Heavy Use Area Pads for Cattle
By Nathan Briggs and Ronald P. Lemenager
 
Introduction
 
A challenge that beef and dairy producers manage through during the wet season is mud, which can deteriorate areas of heavy use (Figure 1). Some of these areas can be found around bale feeders, waterers, feed bunks, gateways, and/or alleyways. Mud is a combination of soil, manure, and urine. Cow comfort and health will be decreased when exposed to pathogen enriched mud. Unhealthy or uncomfortable cows do not have the growth rate or milk production of healthy cows. Cattle that are exposed to muddy environments have decreased efficiency, which includes muscle or fat deposition in feedlot cattle or milk production in lactating cows. If the cows are producing less milk, then the calves will have lower weaning weights.
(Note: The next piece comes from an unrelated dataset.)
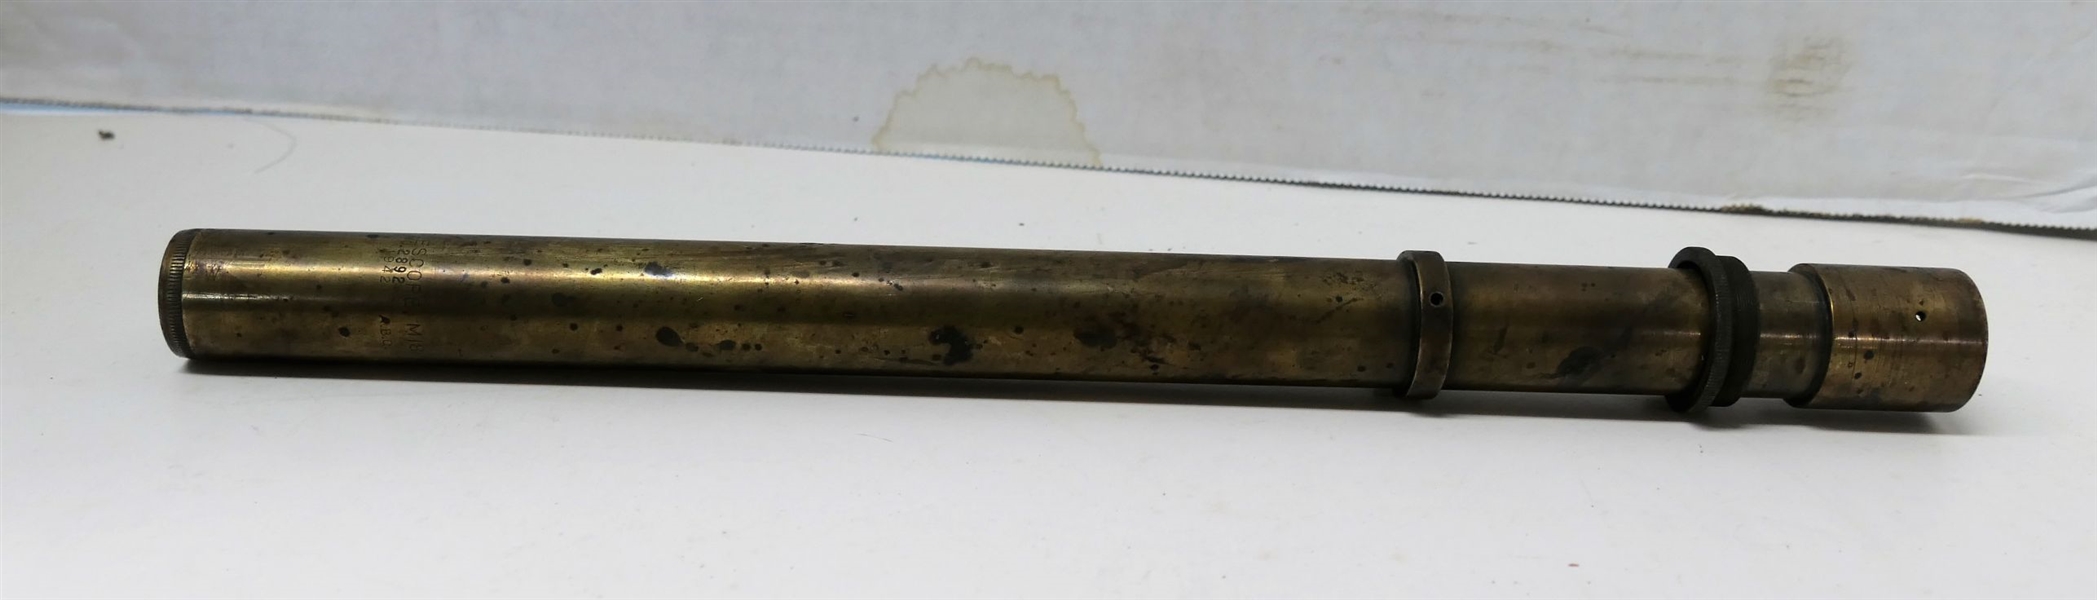 World War 2 US Brass Telescope M18 Scope Dated 1942-Optics Good Shape

The economic inefficiencies will come from animal temperature imbalances or activated immune systems, requiring energy to be used for maintenance rather than for production purposes. A wet hair coat caused by mud along with the cooler temperature during the Northeast wet season will increase the animal’s environmental heat loss. This will then lead to an increased maintenance energy need and cause a decrease in production and efficiency.
 
Figure 1
 
In addition to the economic challenges, rainwater can mix with manure, urine, and sediment, which can cause runoff into water sources. When excess nutrients enter into water sources, algae utilize the nutrients, which result in algal blooms (Figure 2). Fish and other aquatic life struggle to survive in algal blooms, because the algae produces toxins and decreases oxygen that can kill fish and the rest of the aquaculture ecosystem according to the Environmental Protection Agency. The detrimental effects of the algal blooms can impact the county and national economies.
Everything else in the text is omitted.